I wrote yesterday about Kanigher and Kubert’s Enemy Ace. I don’t know how to compare the writers, as they are so different, but I like them both a great deal; but that old war comic had some of the best mainstream comics art ever, perhaps behind only Kirby and Ditko. That made it possible for me to argue that those comics are some kind of masterpiece; whereas what we have here is some good stories that I can barely tolerate reading.
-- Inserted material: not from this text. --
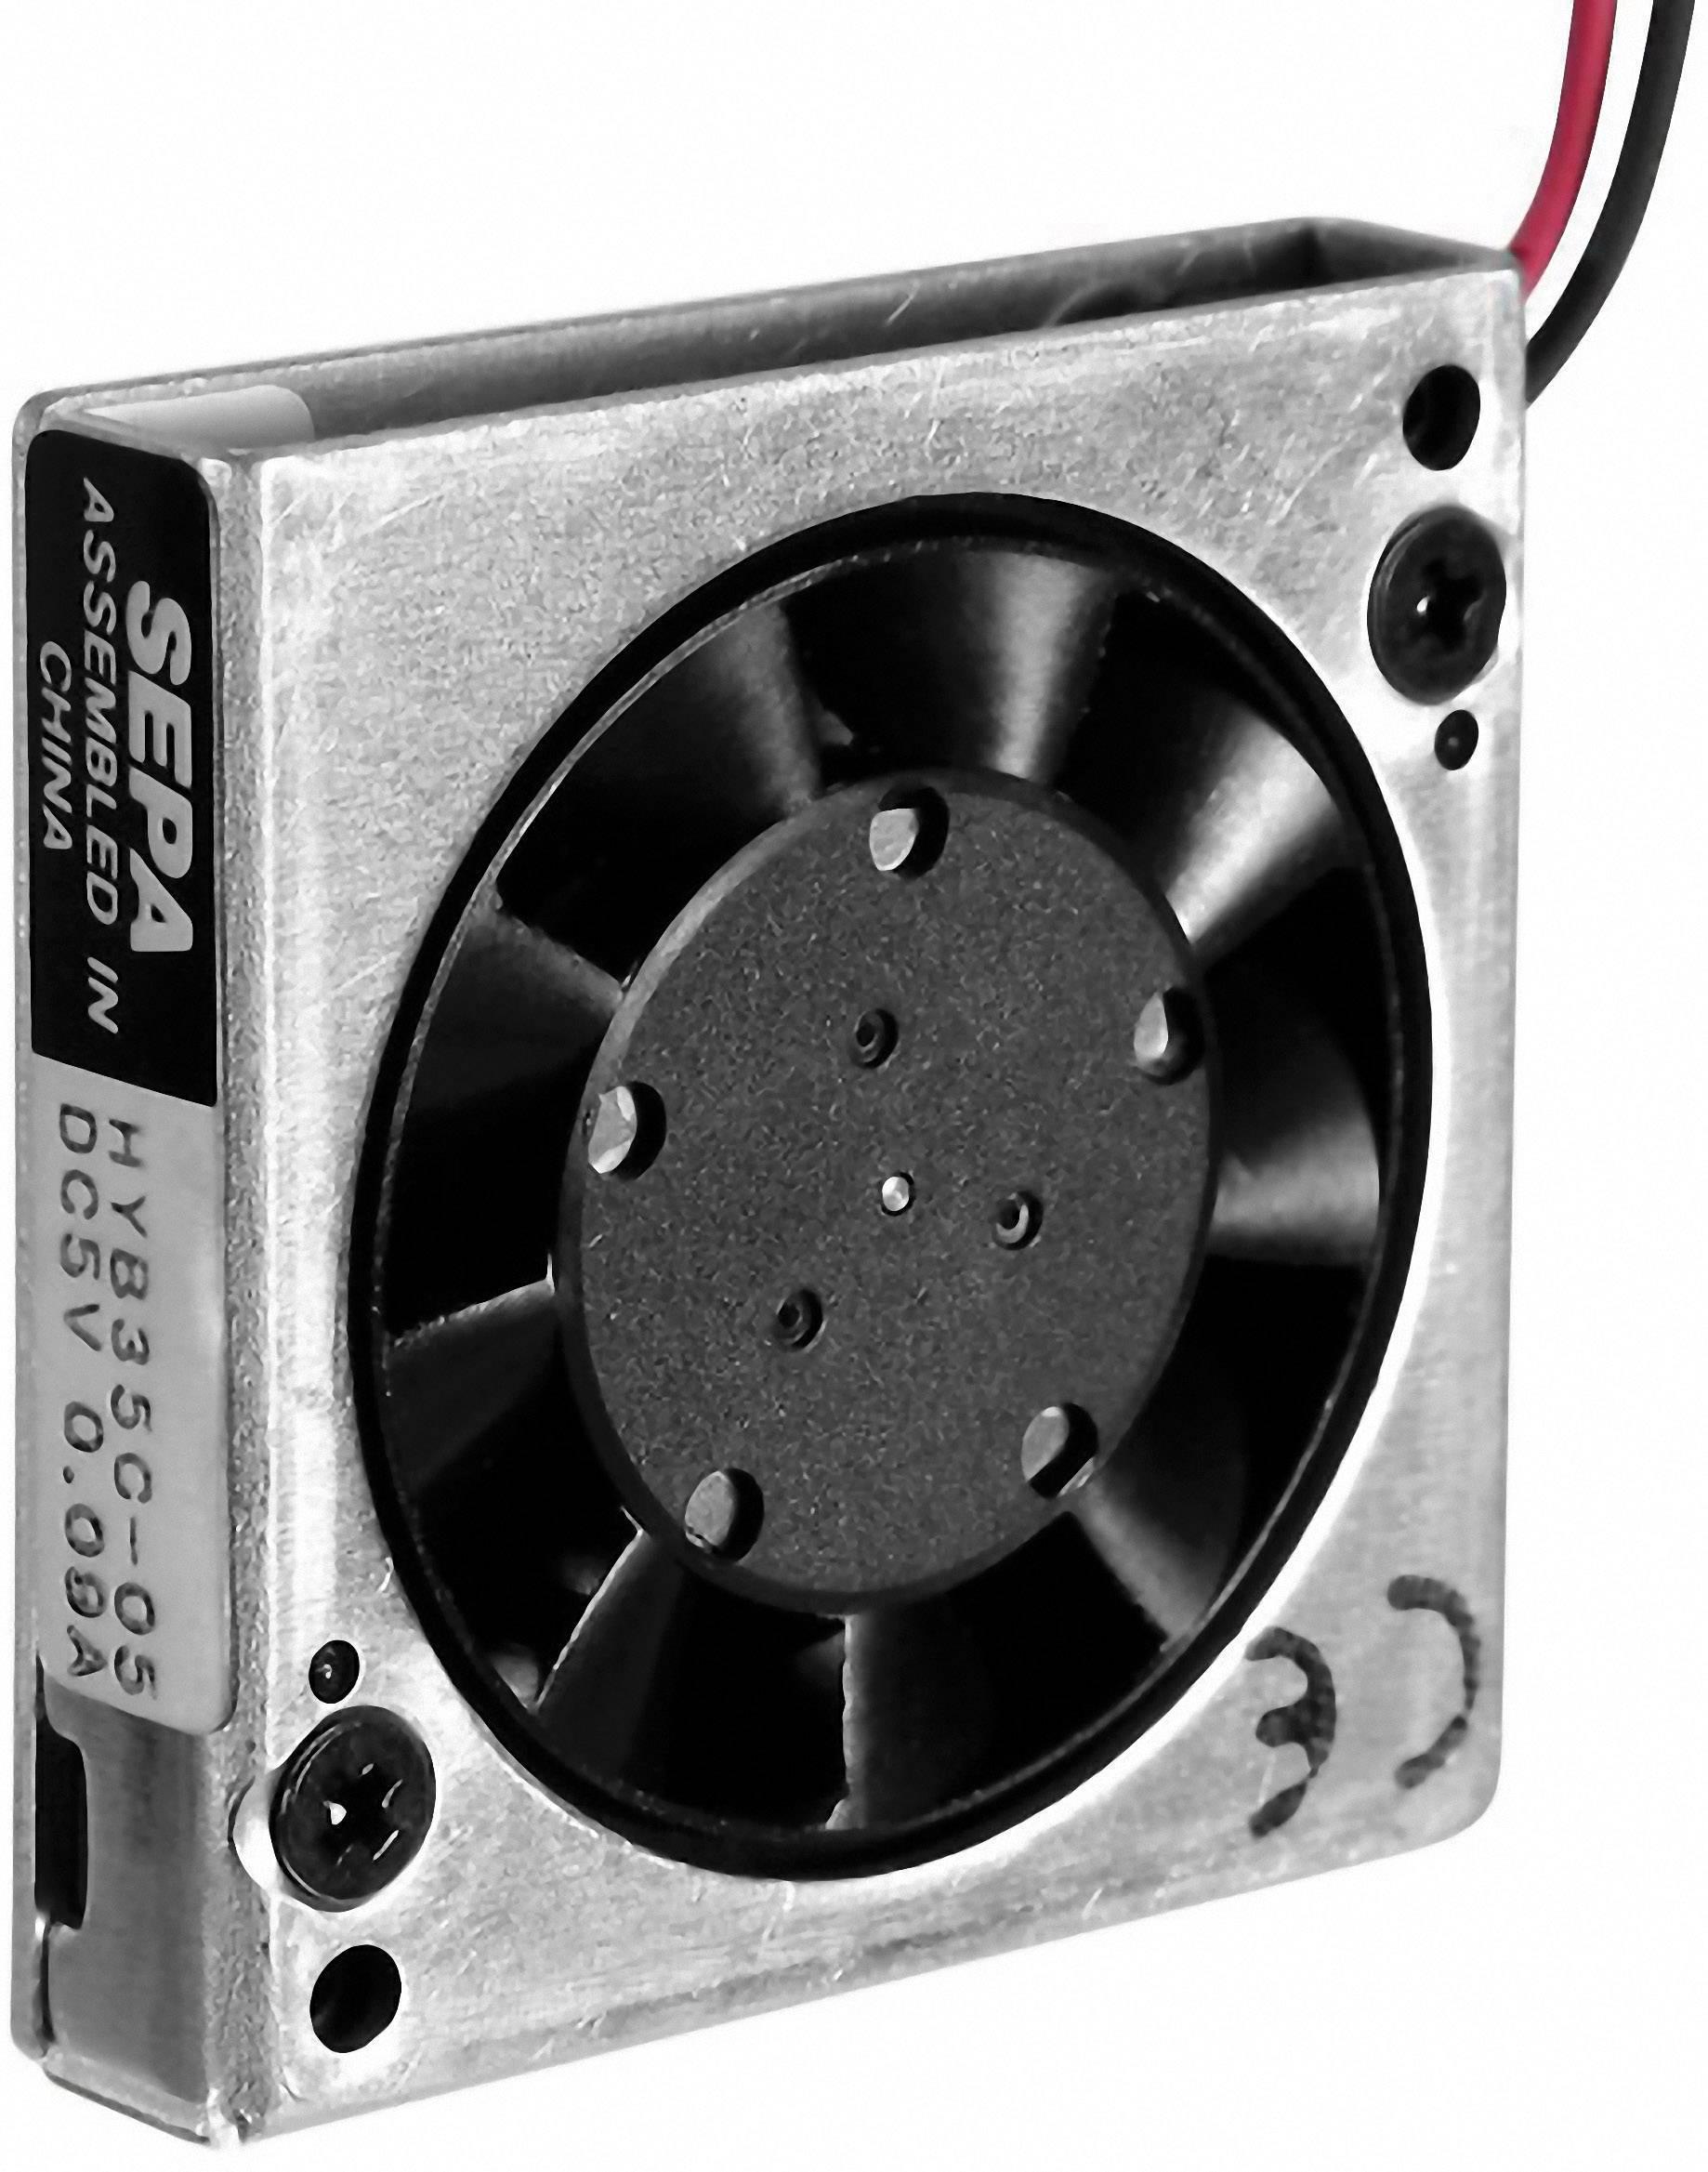 Axiálny ventilátor SEPA HYB35C05A 113531019, 5 V/DC, 27 dB, (d x š x v) 35 x 35 x 7.5 mm

Are there any really great movies with poor direction? I think that’s a pretty fair analogy. Best examples I can think of right now might be The Hustler, maybe a couple of the Marx Brothers’ best – but it’s certainly rare. Without going as far as wishing for the greats, how much better would these Spidey stories be with an artist as good as, say, John Romita? Or Morrison’s JLA with George Perez? Obviously these are the kinds of remix that we will never see, but in the meantime, while I may not follow any particular artists around, I should probably start to realise that I at least need someone half-decent in order to really enjoy even the writers I like best.